Director Shlok Sharma is surely not fooling around when it comes to hitting the point - the illicit relationship between teacher and student. How it originates is rather a touchy subject and Sharma fails there, causing the film to be a partial depiction of all that was intended. Although he makes the audience ask the question as to who the real haraamkhor (unprincipled) is - Shyam or Sandhya or someone else, there is this lack of depth which lingers throughout the film. Soon enough, it becomes certain who the unprincipled character is, but by then one more thing becomes certain - there is no explanation as to why happened what happened. Did Shyam make the effort despite being married? Or was it Sandhya who craved to know more about "adult love", fueled by issues at home?
One may try to decipher the answers to the questions, but then it would become a hike and you wouldn't gain any entertainment, unless you consider Kamal and Mintu and their hilarious activities. The screenplay is rather crisp with Siddique and Tripathi both holding waters, but someone here in the IMDb message boards gets it right when he says Siddiqui cannot alone drive a film forward. He is brilliant as his typecast character, but insufficient when it comes to being the main guy. Tripathi was lovable in Masaan (2015), but the credits tell me this is her debut film. Her innocent face and those telling eyes puts her perfectly into character as the naive 9th grader.

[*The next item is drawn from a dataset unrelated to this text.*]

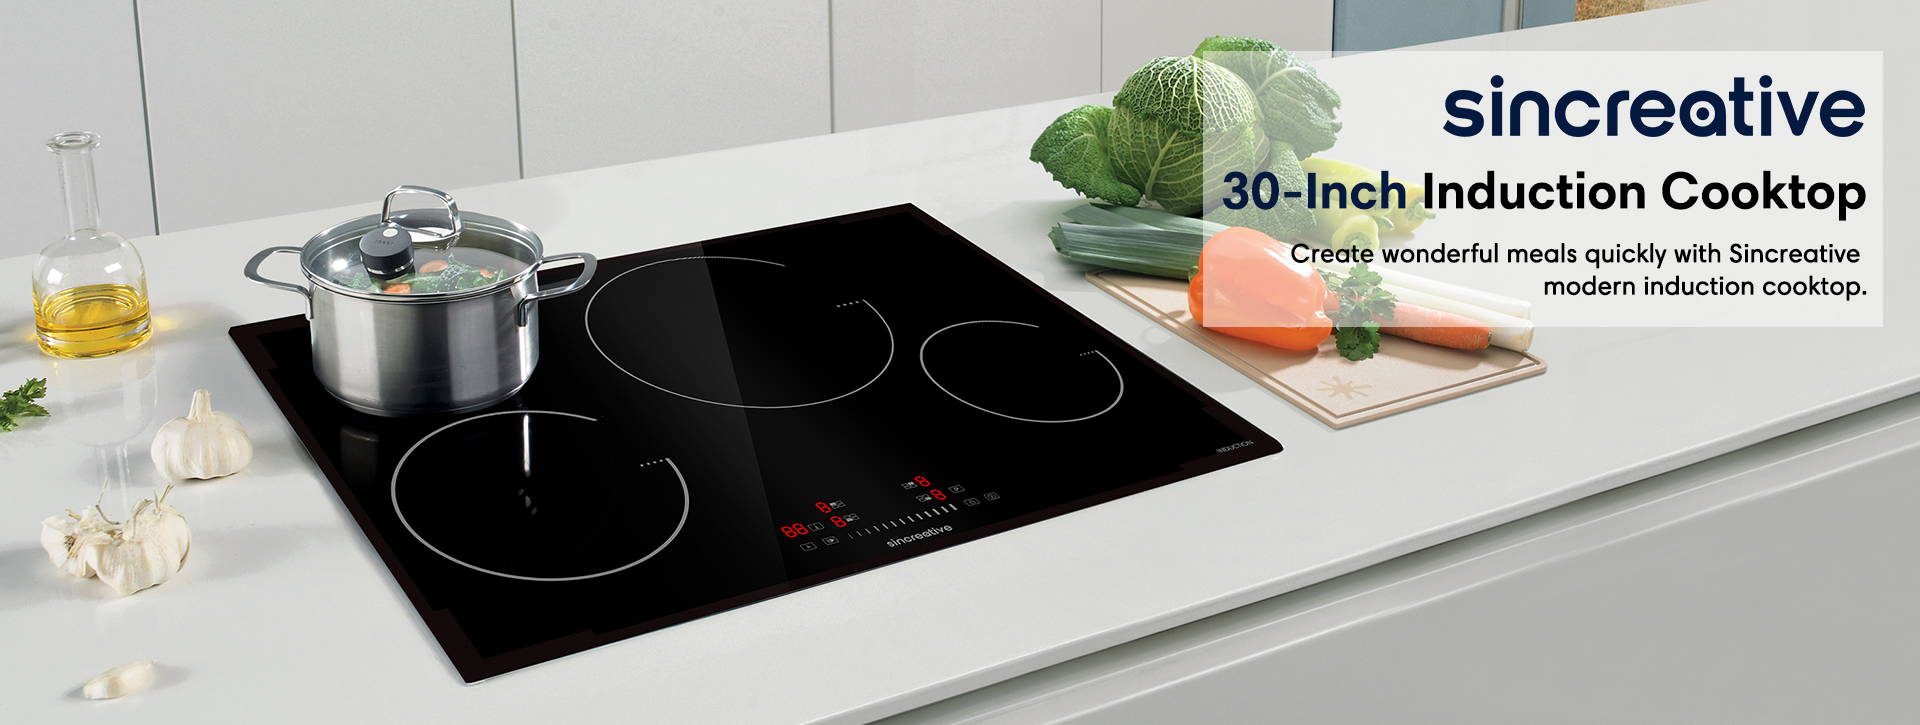 Sincreative 30 inch induction cooktop Create wonderful meals quicklu with Sincreative modern indution cooktop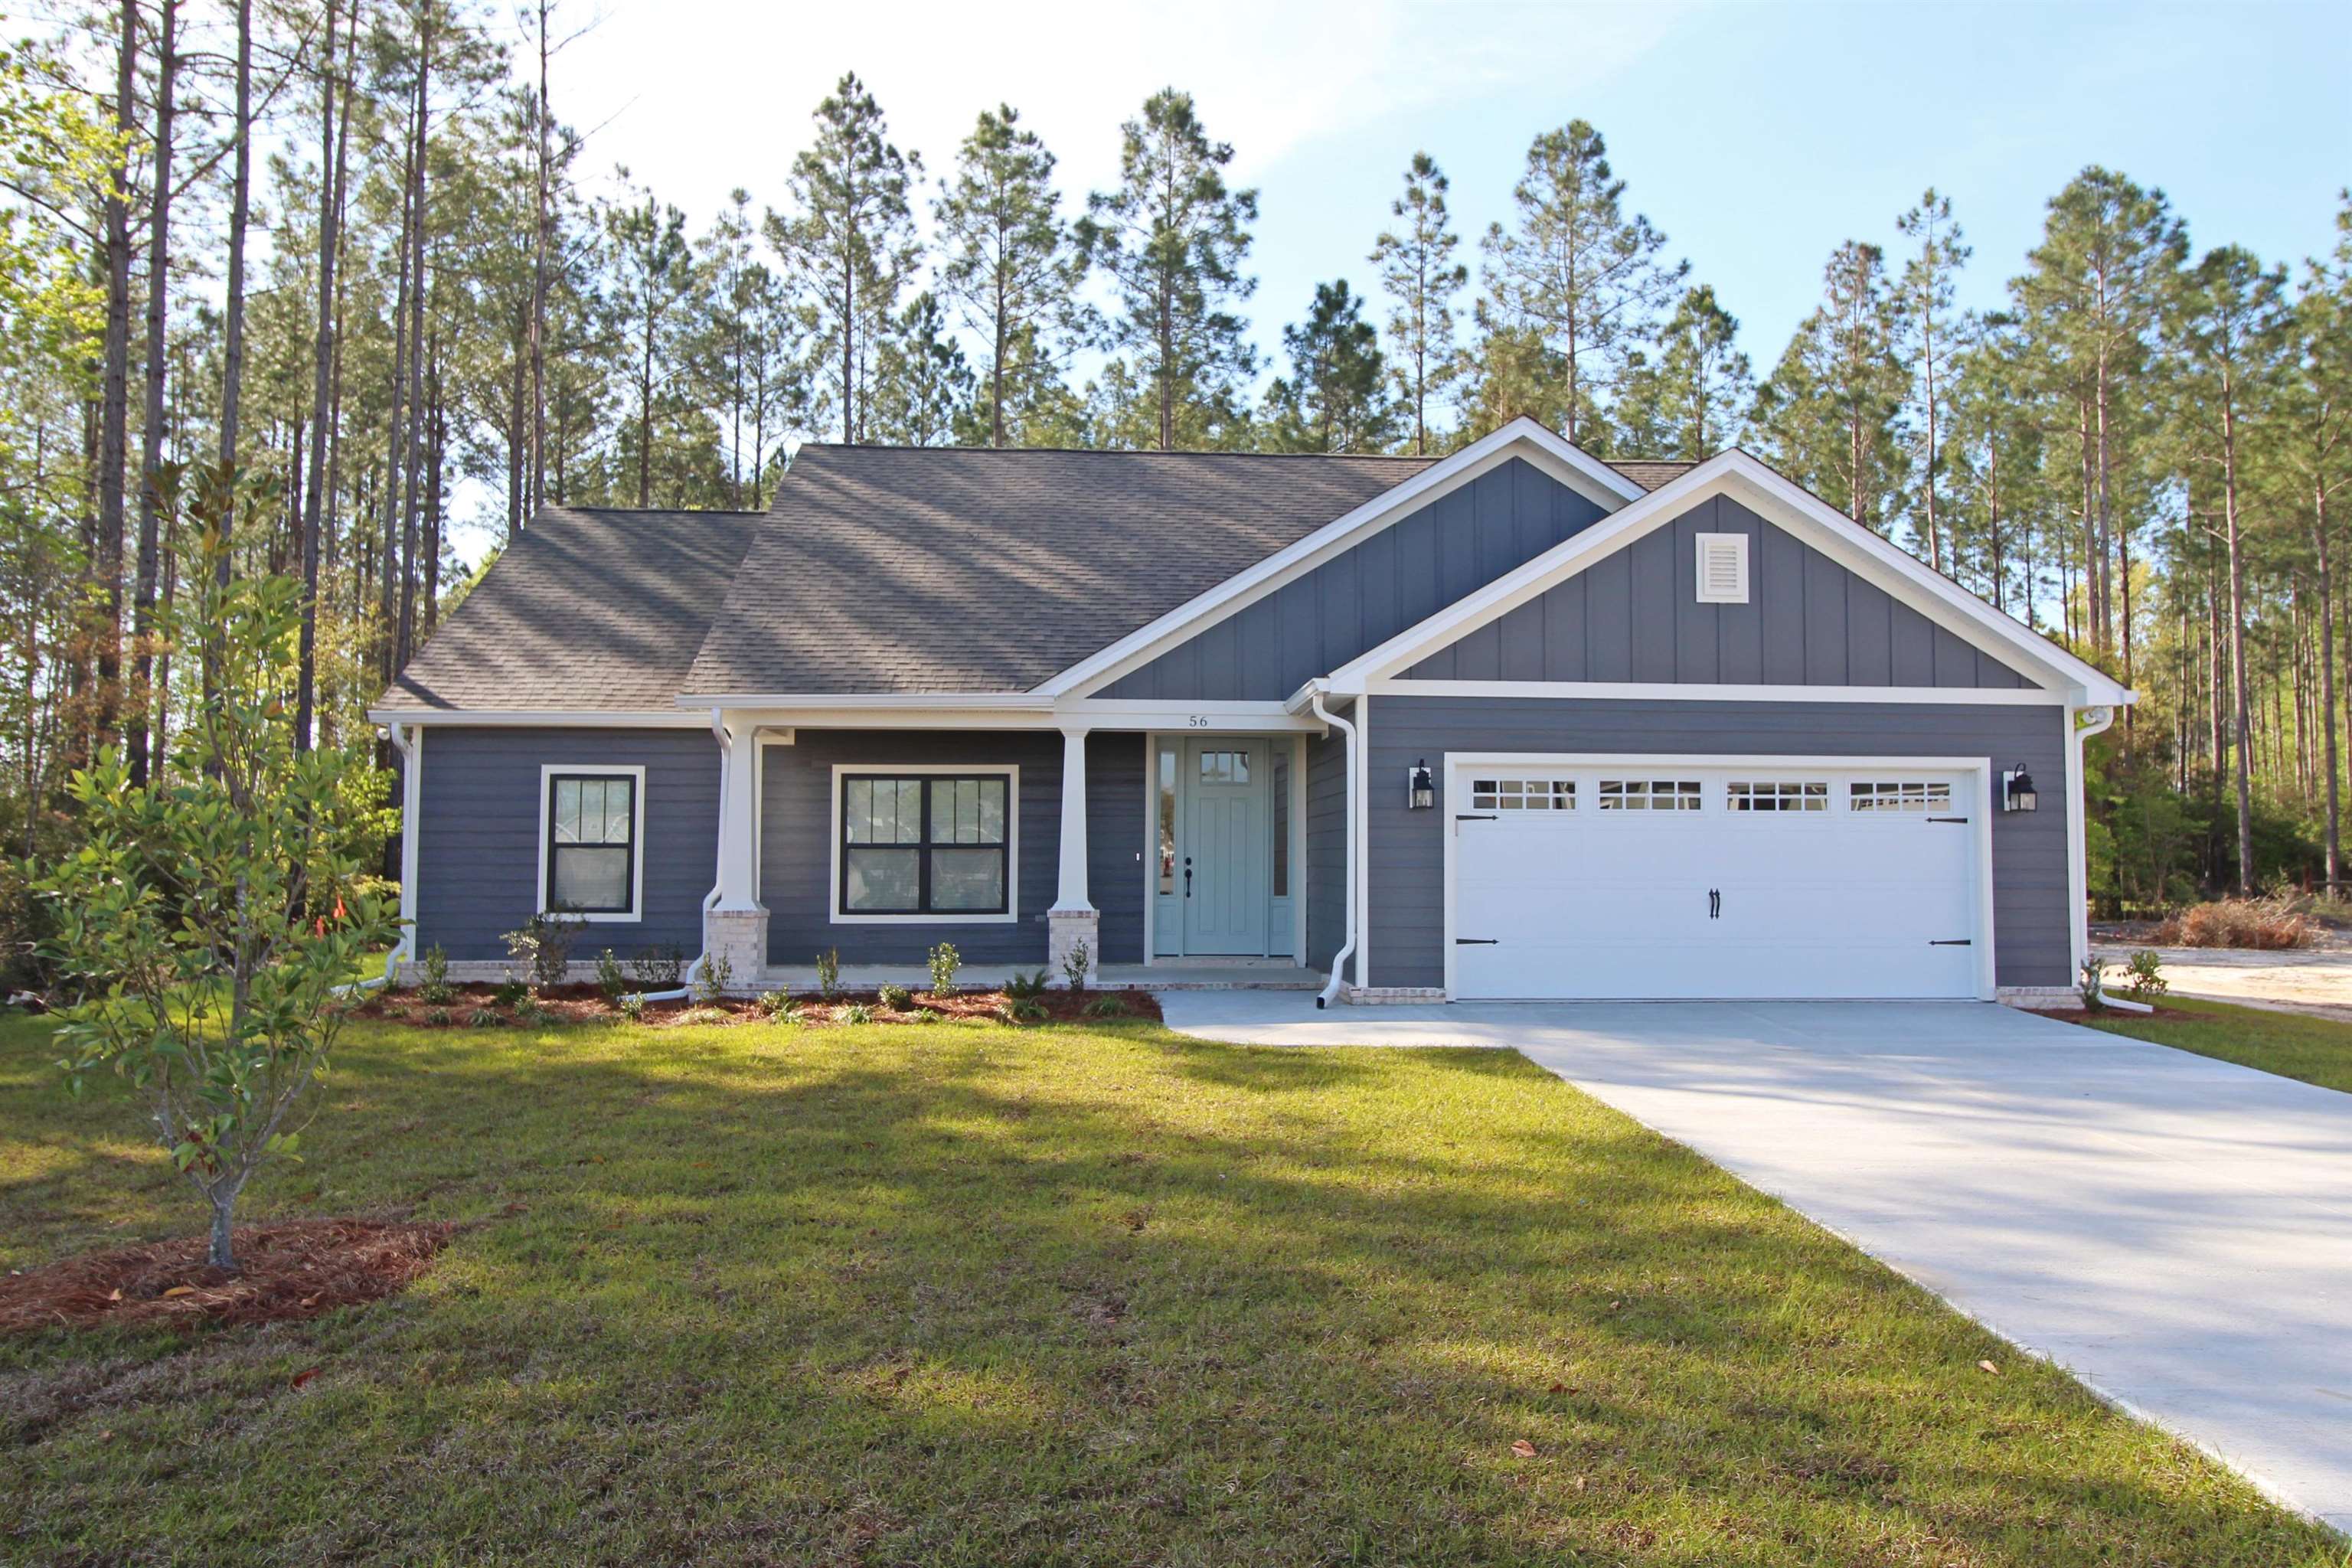 119 Shelby Drive,CRAWFORDVILLE,Florida 32327,3 Bedrooms Bedrooms,2 BathroomsBathrooms,Detached single family,119 Shelby Drive,369707

All in all, the film is decently made, but is without the ingredients that are essential to club social message with feasibility. Working on a story and putting it on screen without exploring its causes and factors is bad filmmaking. However, an afternoon watch on Netflix won't hurt, but make sure you watch it alone and not with your Indian parents.
BOTTOM LINE: Shlok Sharma's "Haraamkhor" is about an affair between a teacher and a student that provides limited information to talk about a widely relevant subject. Had there been a gender-swapped version, things would have been different, and that is the film's biggest flaw. Watch it on your free Netflix subscription.